Records from a data source:
#####
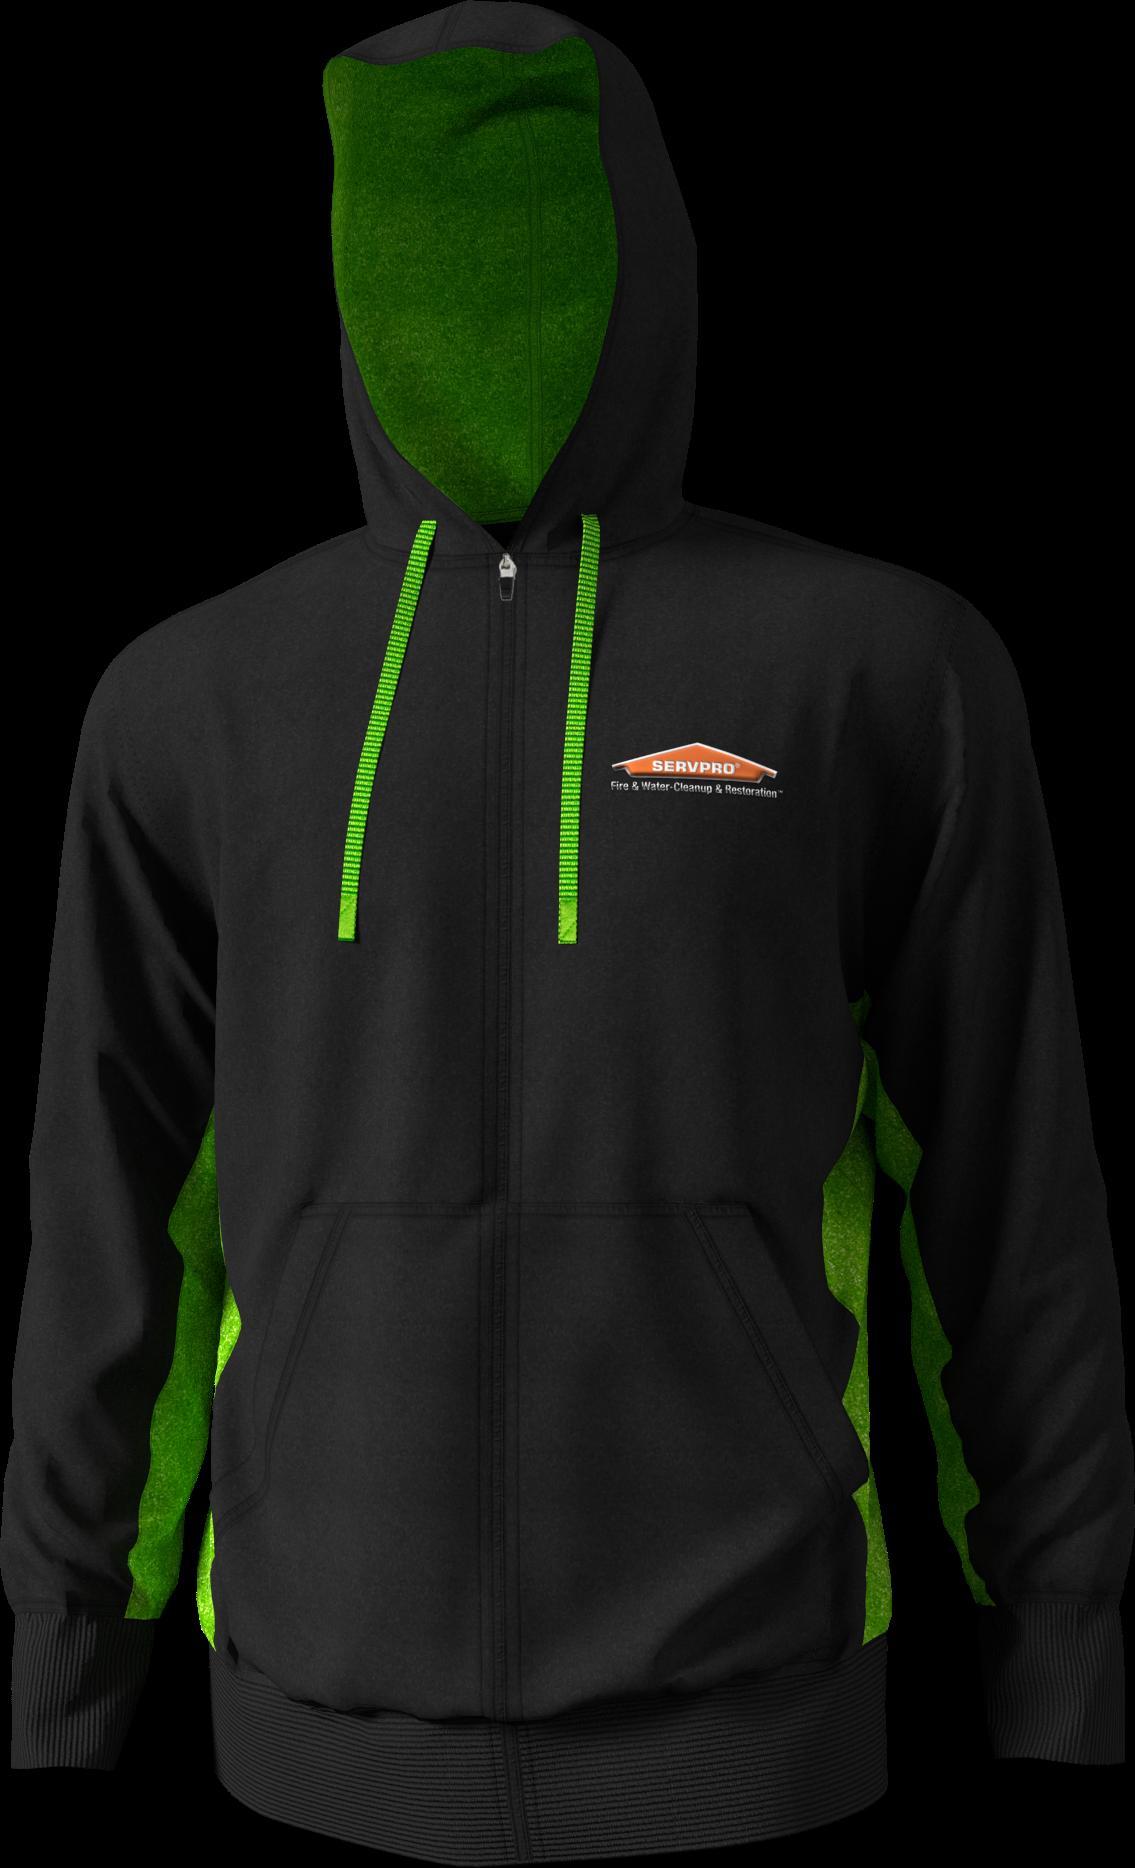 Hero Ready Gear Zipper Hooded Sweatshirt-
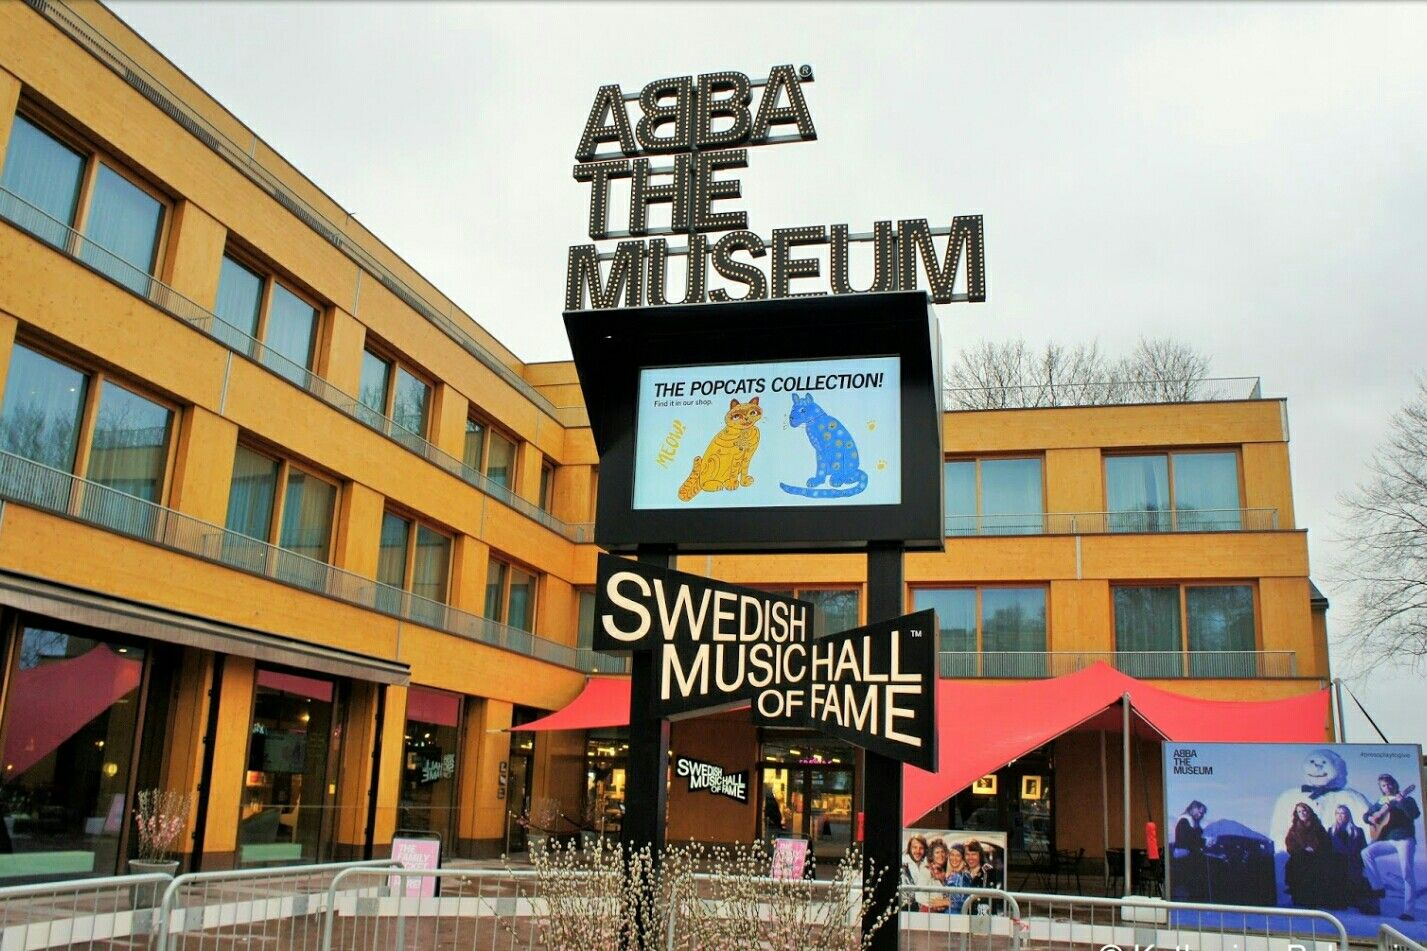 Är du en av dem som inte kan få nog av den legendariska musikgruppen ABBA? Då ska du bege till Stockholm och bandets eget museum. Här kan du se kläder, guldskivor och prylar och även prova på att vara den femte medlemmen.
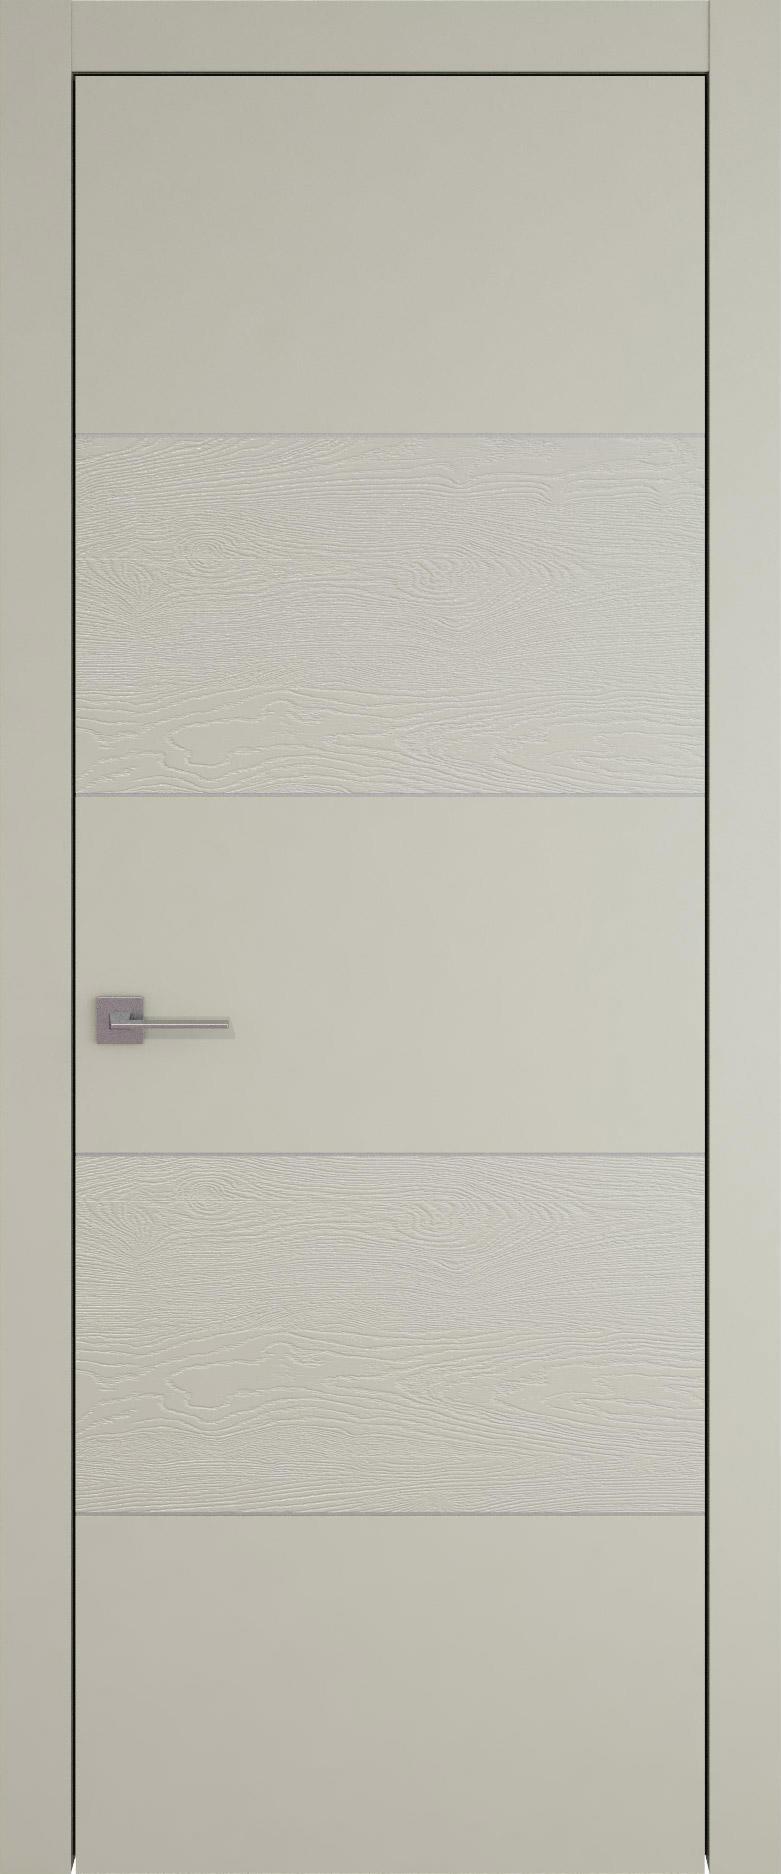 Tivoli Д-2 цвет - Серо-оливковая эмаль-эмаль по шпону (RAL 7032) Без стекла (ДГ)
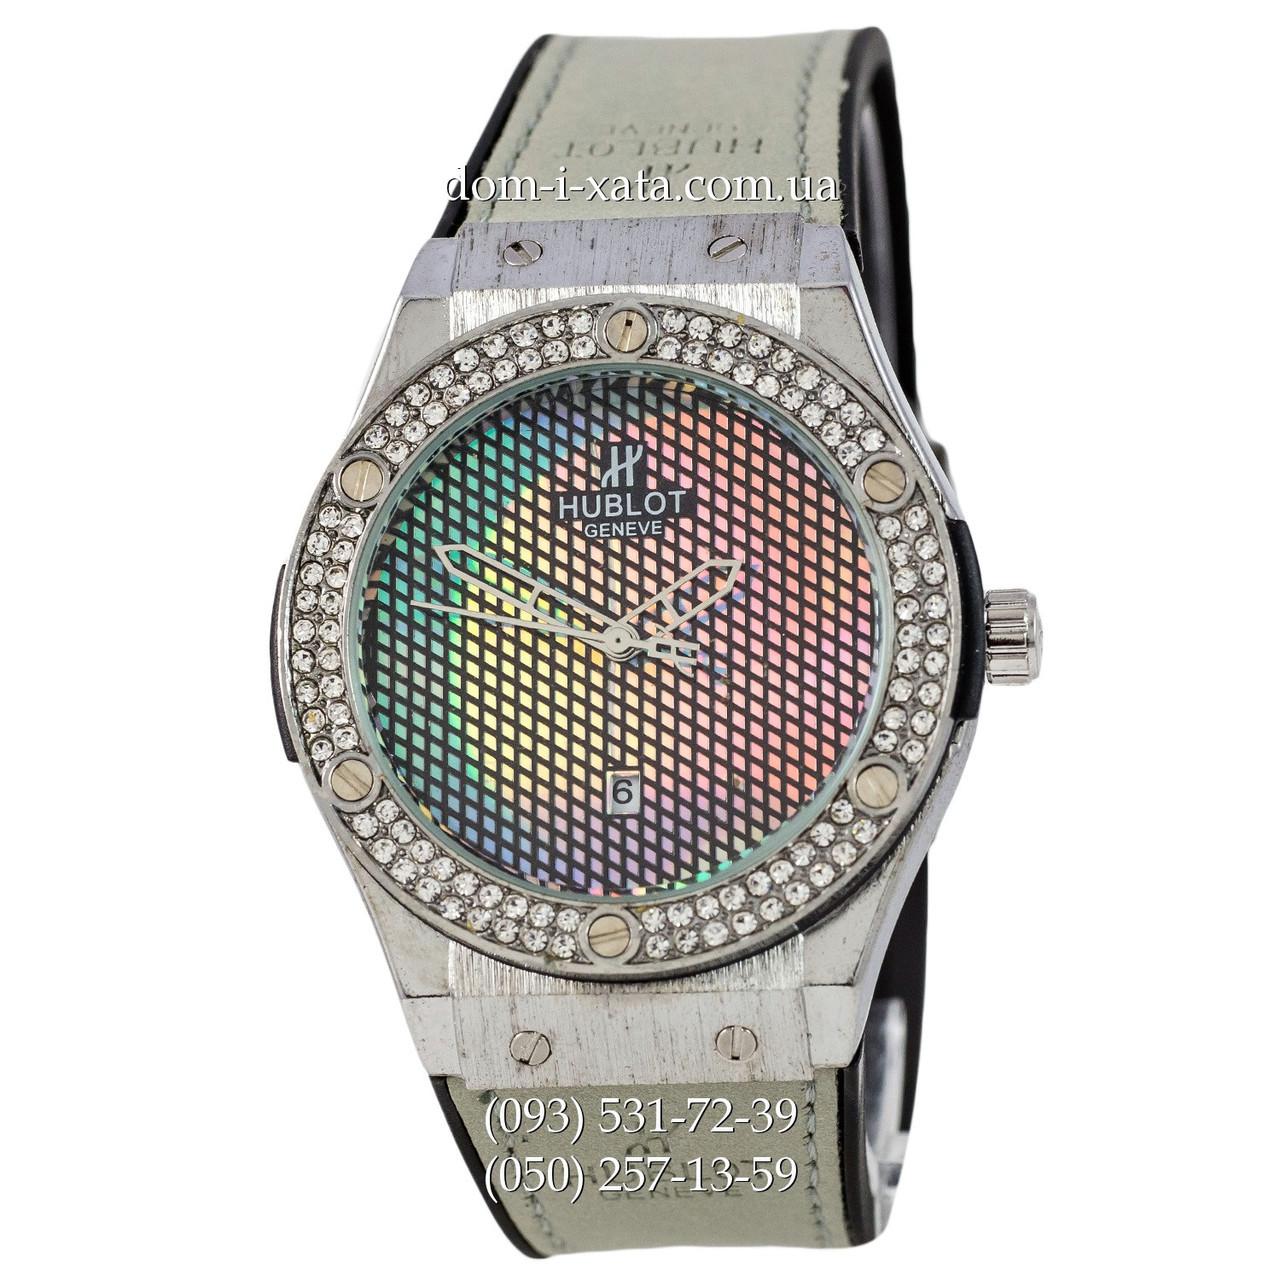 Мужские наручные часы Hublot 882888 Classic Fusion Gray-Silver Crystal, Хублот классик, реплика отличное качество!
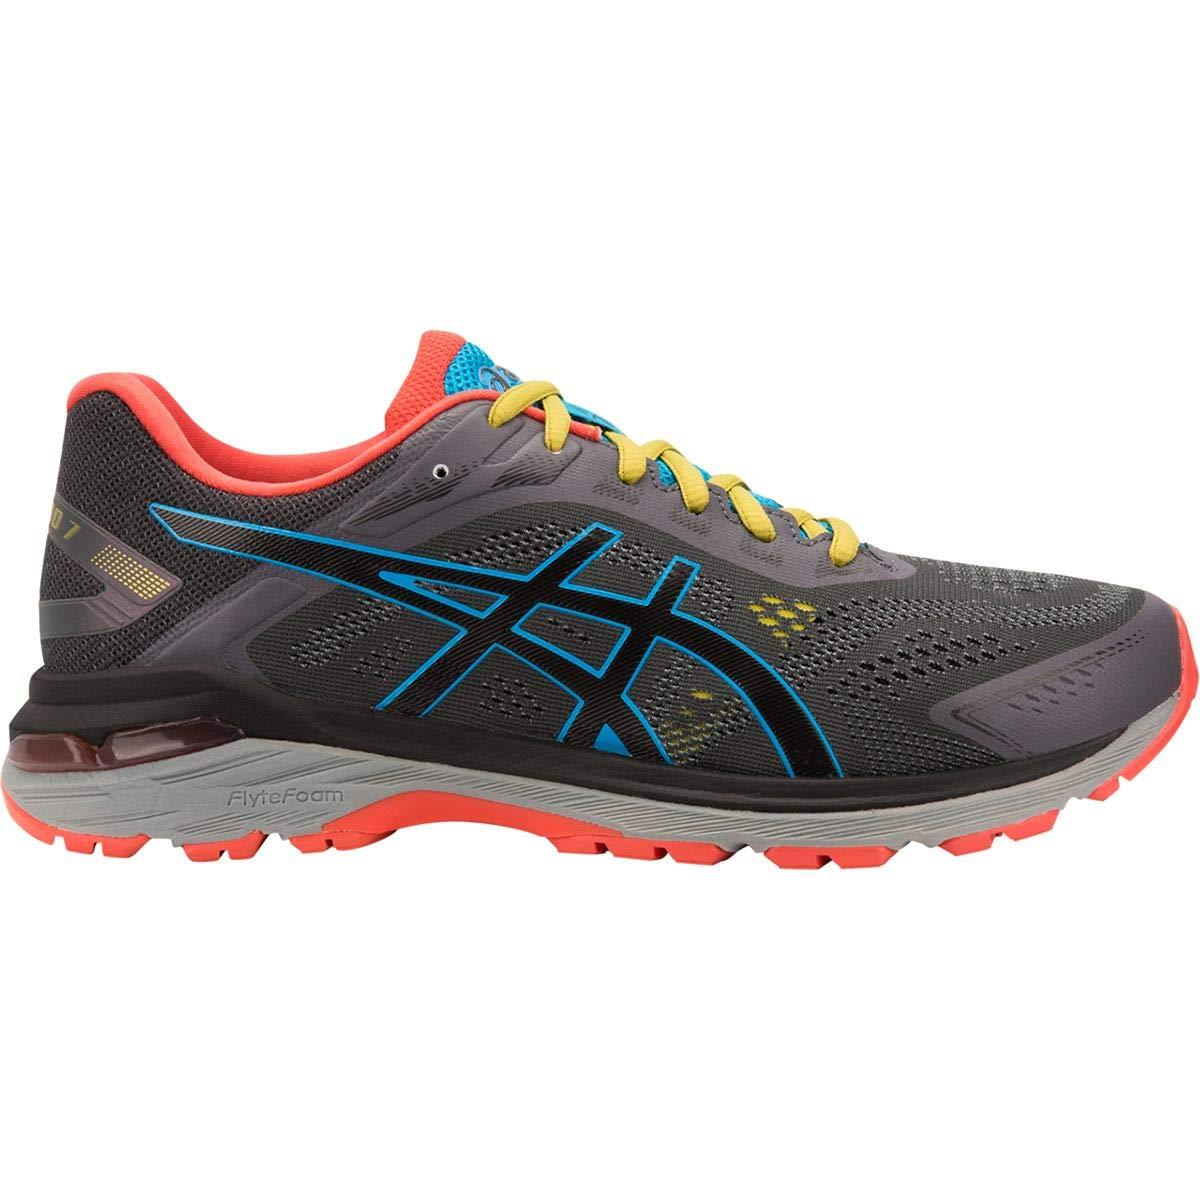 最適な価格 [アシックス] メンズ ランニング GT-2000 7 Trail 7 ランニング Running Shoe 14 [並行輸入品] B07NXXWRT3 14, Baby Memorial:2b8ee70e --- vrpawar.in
#####
Work task: For each record above, write it out exactly and omit any picture.

Reply to the task:
 Hero Ready Gear Zipper Hooded Sweatshirt-
 Är du en av dem som inte kan få nog av den legendariska musikgruppen ABBA? Då ska du bege till Stockholm och bandets eget museum. Här kan du se kläder, guldskivor och prylar och även prova på att vara den femte medlemmen.
 Tivoli Д-2 цвет - Серо-оливковая эмаль-эмаль по шпону (RAL 7032) Без стекла (ДГ)
 Мужские наручные часы Hublot 882888 Classic Fusion Gray-Silver Crystal, Хублот классик, реплика отличное качество!
 最適な価格 [アシックス] メンズ ランニング GT-2000 7 Trail 7 ランニング Running Shoe 14 [並行輸入品] B07NXXWRT3 14, Baby Memorial:2b8ee70e --- vrpawar.in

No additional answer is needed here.